David Rowley <david.rowley@2ndquadrant.com> writes:
> On 22 May 2017 at 16:10, David Rowley <david.rowley@2ndquadrant.com> wrote:
>> I also just noticed that I don't think I've got ANTI join cases
>> correct in the patch I sent. I'll look at that now.
> I've attached an updated patch.
> This one is much less invasive than my original attempt.

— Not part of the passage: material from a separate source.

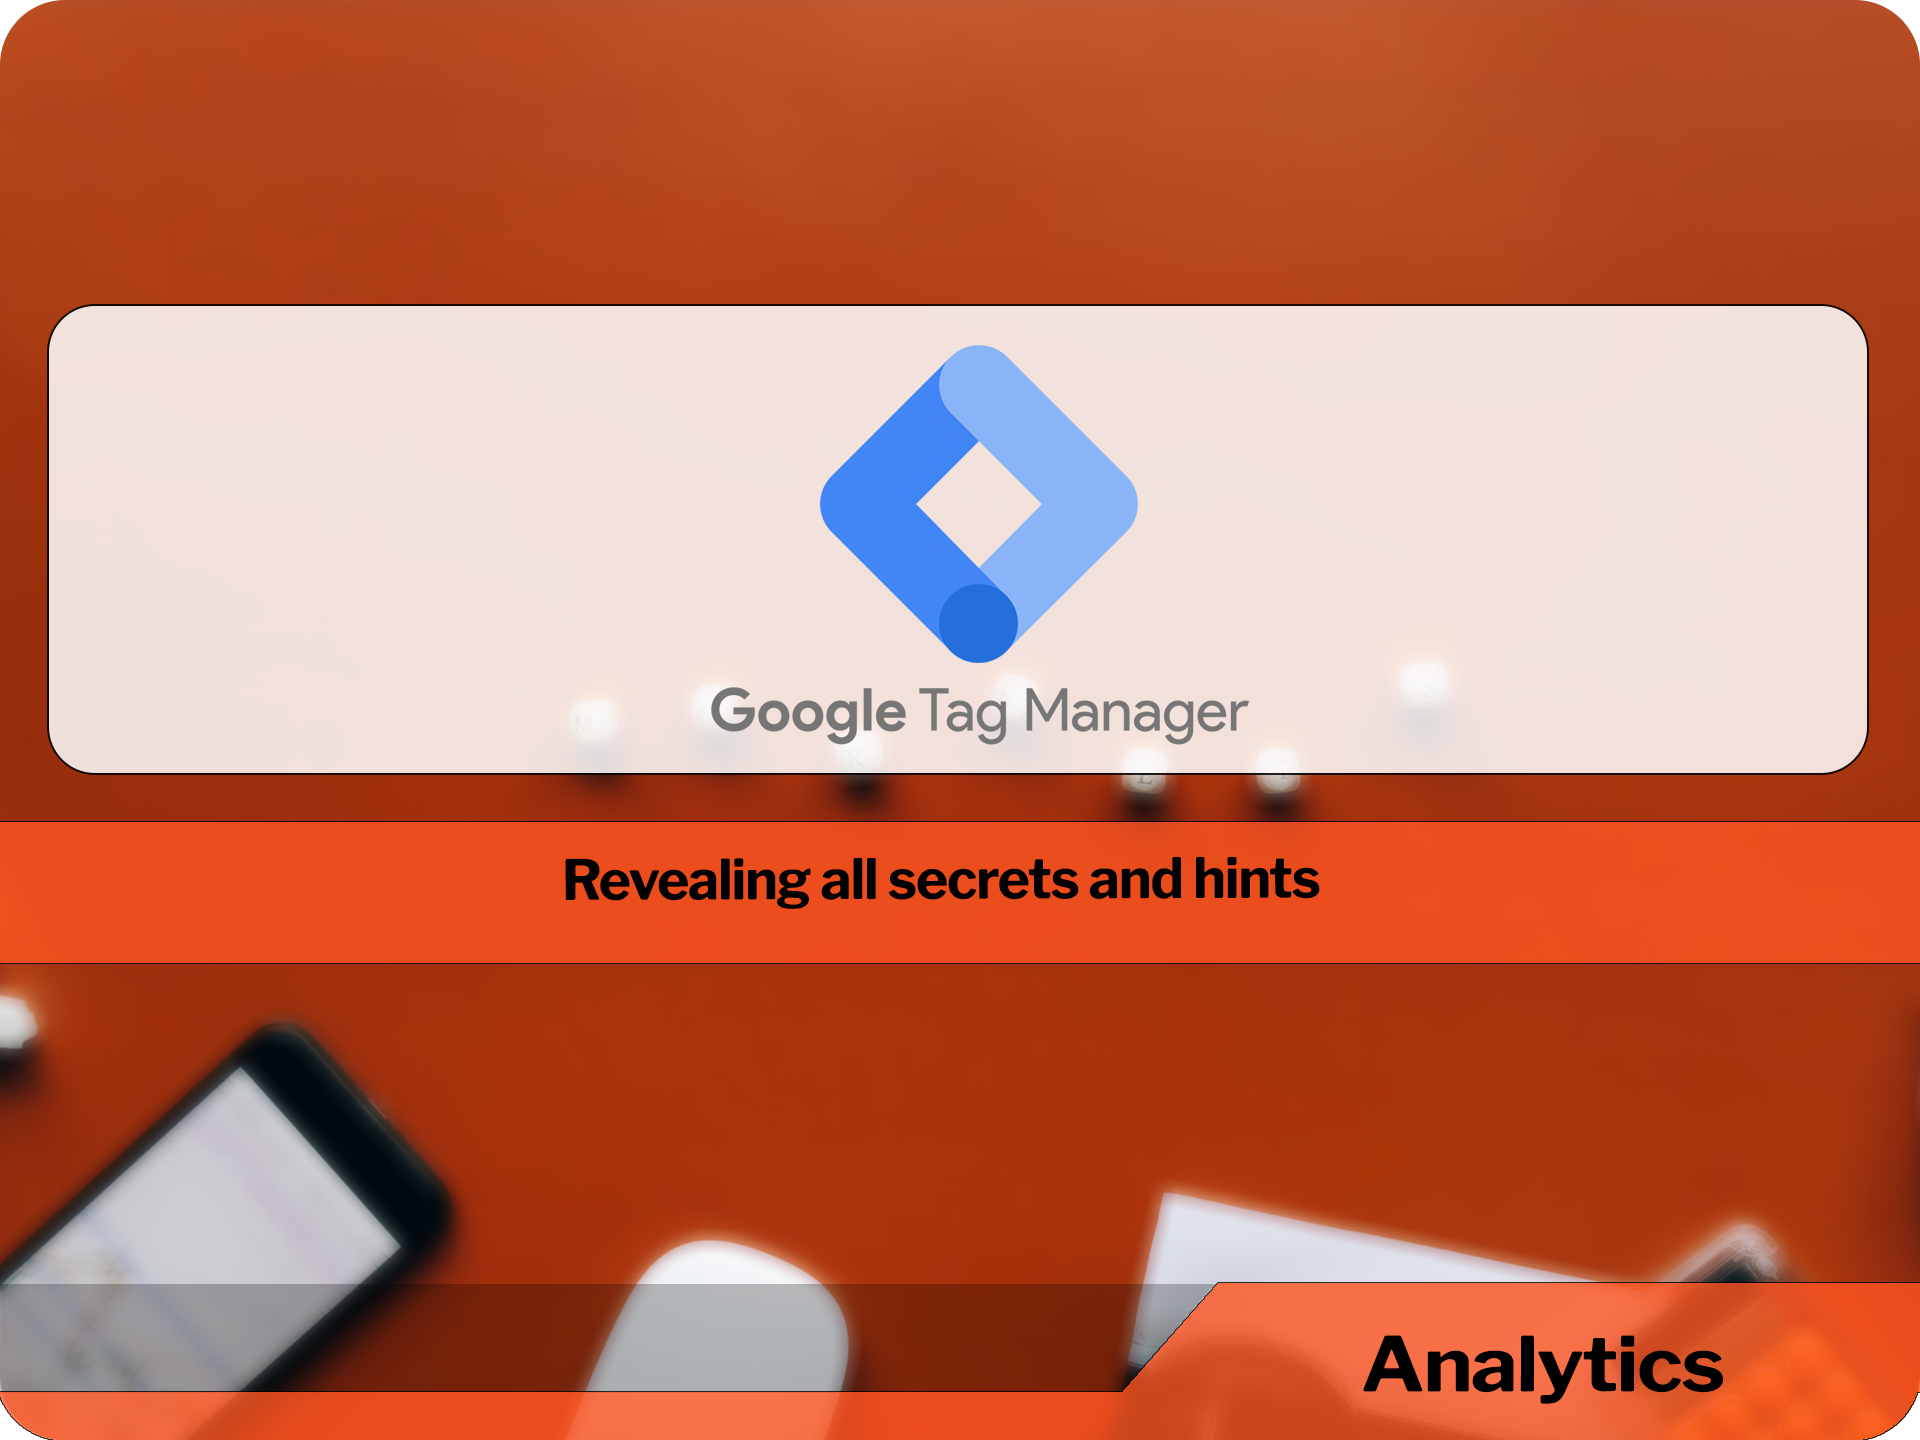 How to configure Analytics via Google Tag Manager
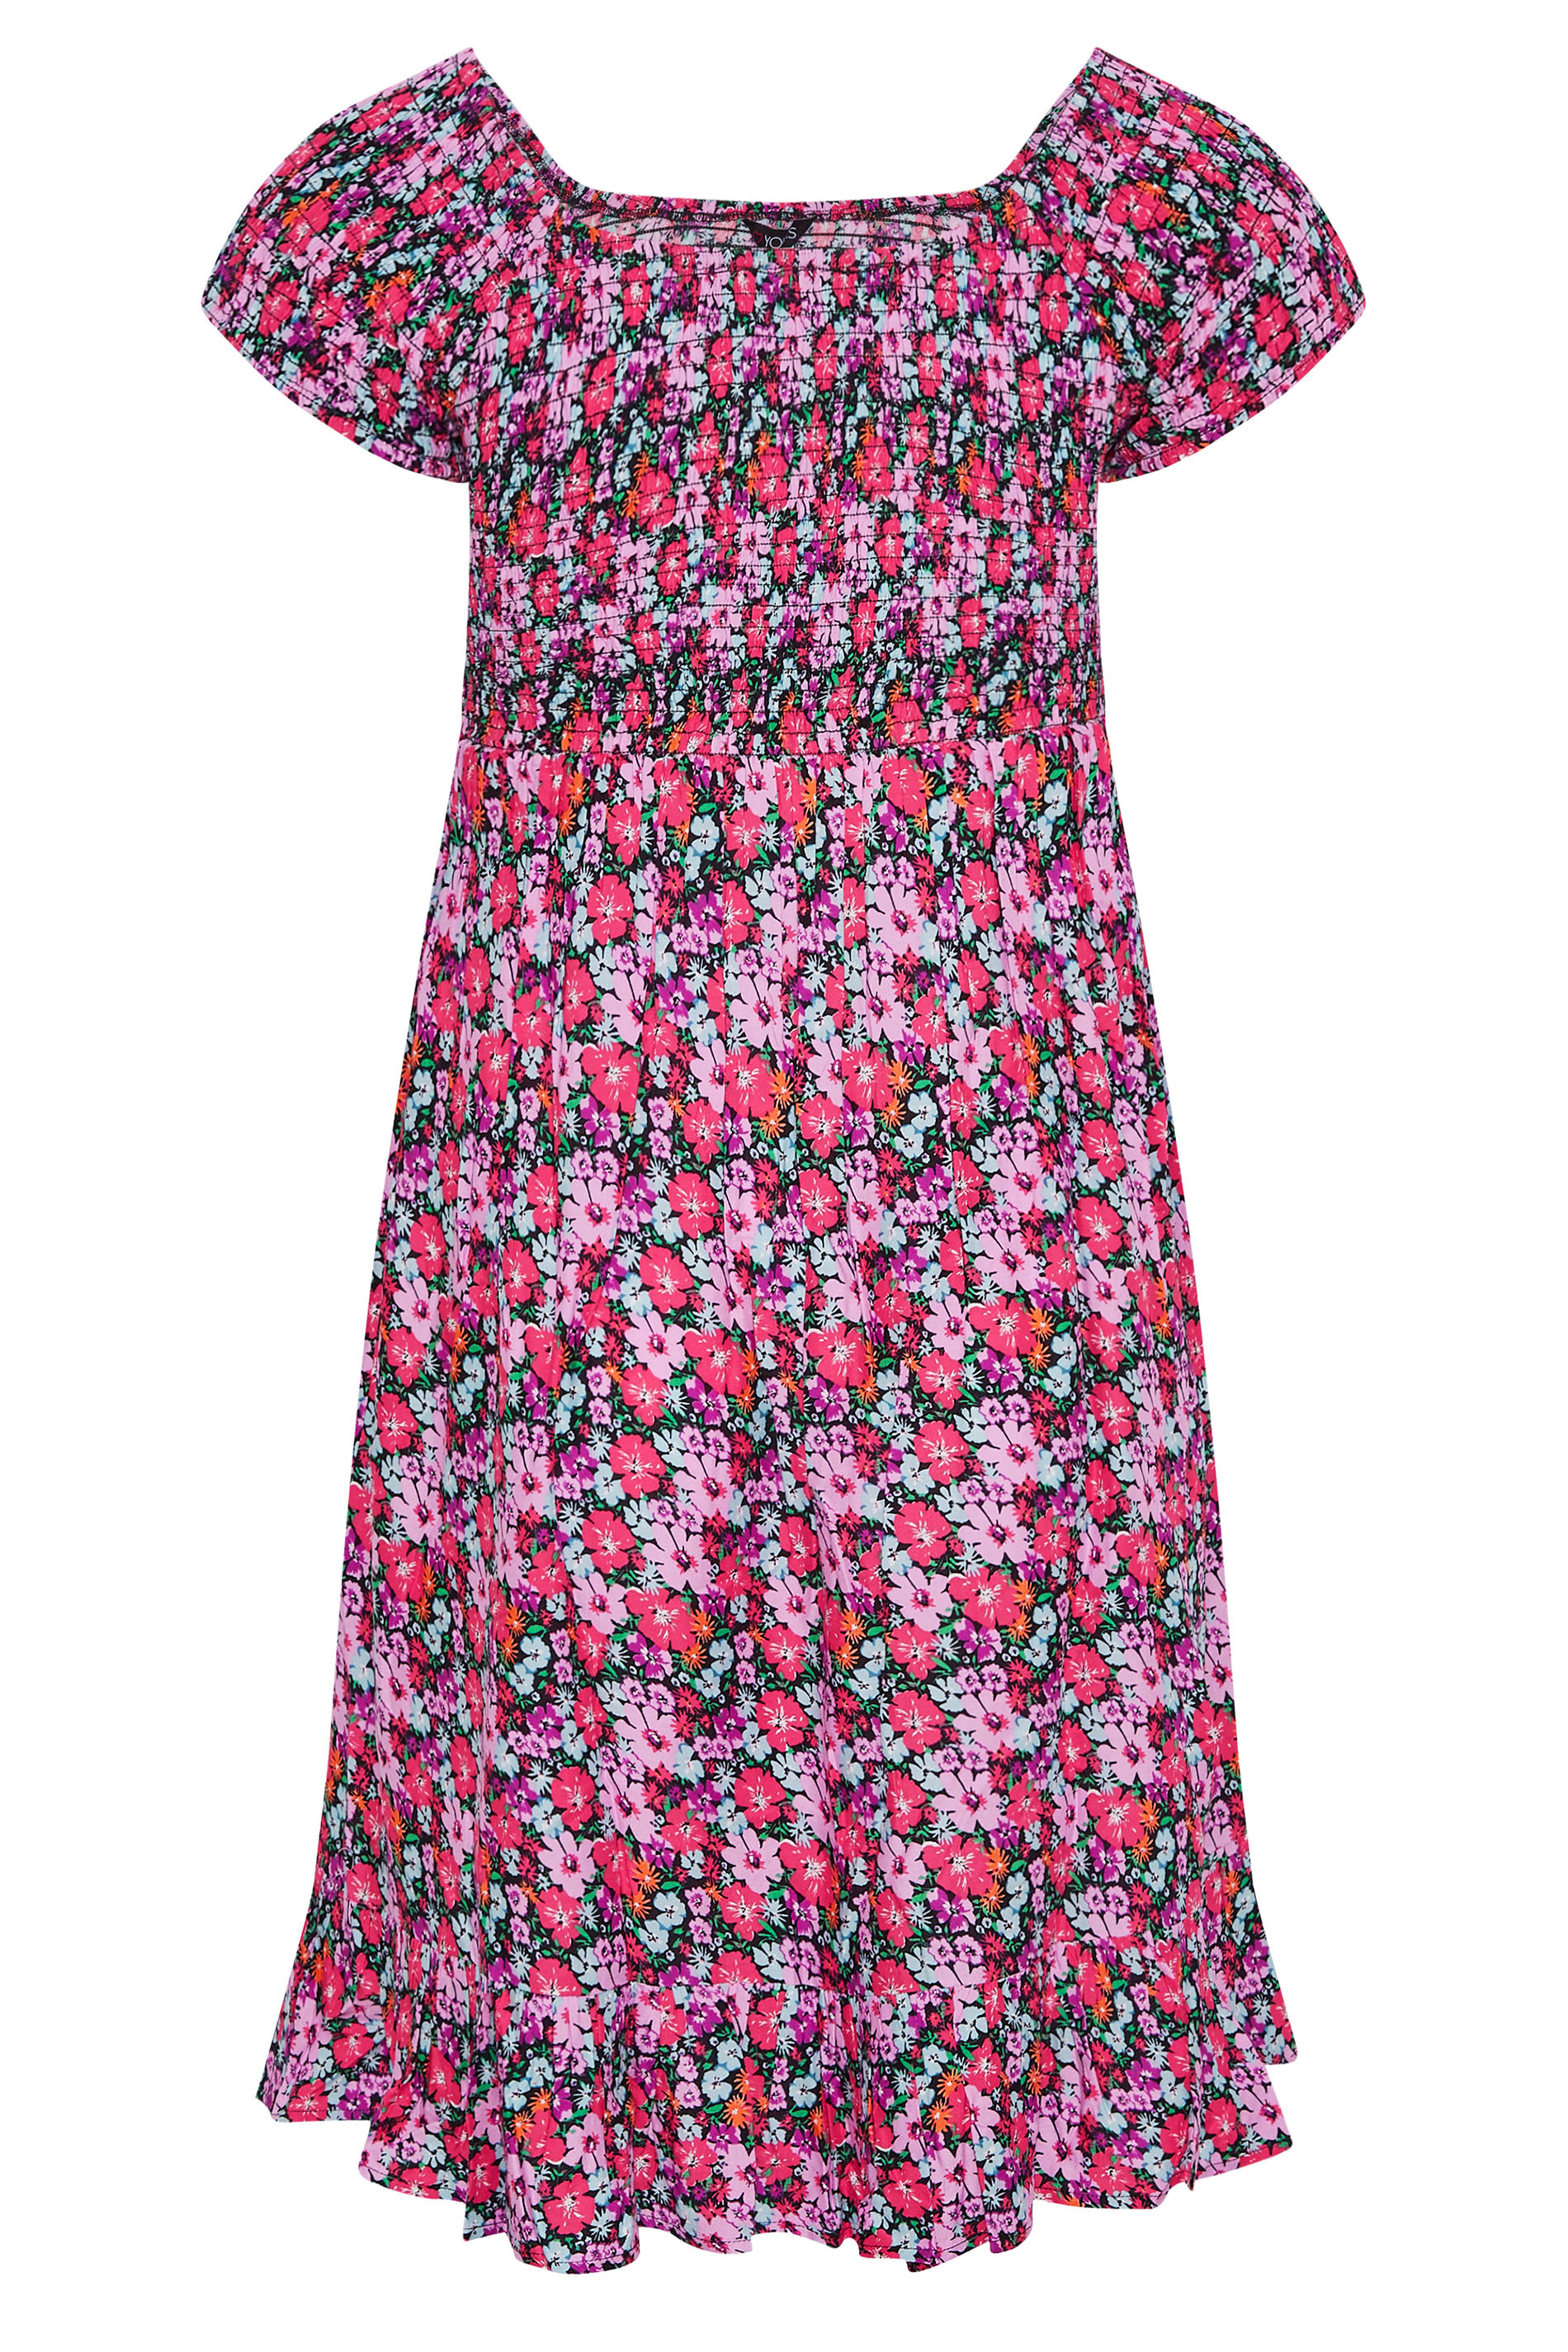 Robes Grande Taille Grande taille  Robes Mi-Longue | Robe Crayon Rose Floral Encolure Bardot - RD30027

Sorry for not dealing with this sooner --- I put it on the back burner
for PGCon, and just now got back to it.
First off, I agree that it was probably a mistake for this code to
special-case LEFT/FULL joins at all. eqjoinsel() does not do so;
it relies on the join-type correction applied later by
calc_joinrel_size_estimate(). Since that correction is also downstream
of this code, we should be able to do the same here, and indeed may
be double-counting somehow if we don't.
What that leaves is that we're using the "smallest per-column selectivity"
hack only for SEMI/ANTI joins where we can't really get anything helpful
from knowledge of the FK. What your patch does is to fall back on the
traditional clauselist_selectivity calculation for the relevant clauses.
But we'd be better off ignoring the FK altogether and leaving those
clauses to be processed later. That saves some cycles, and it might allow
those clauses to be used more fruitfully with a different FK, and even
if that doesn't happen it's better to let clauselist_selectivity see as
many clauses at once as possible.
So I whacked the patch around to do it like that and pushed it.
I'm not totally satisfied that there isn't any case where the smallest
selectivity hack is appropriate. In the example you're showing here,
the FK columns are independent so that we get more or less the right
answer with or without the FK. But in some quick testing I could not
produce a counterexample proving that that heuristic is helpful;
so for now let's can it.
Thanks, and sorry again for the delay.
regards, tom lane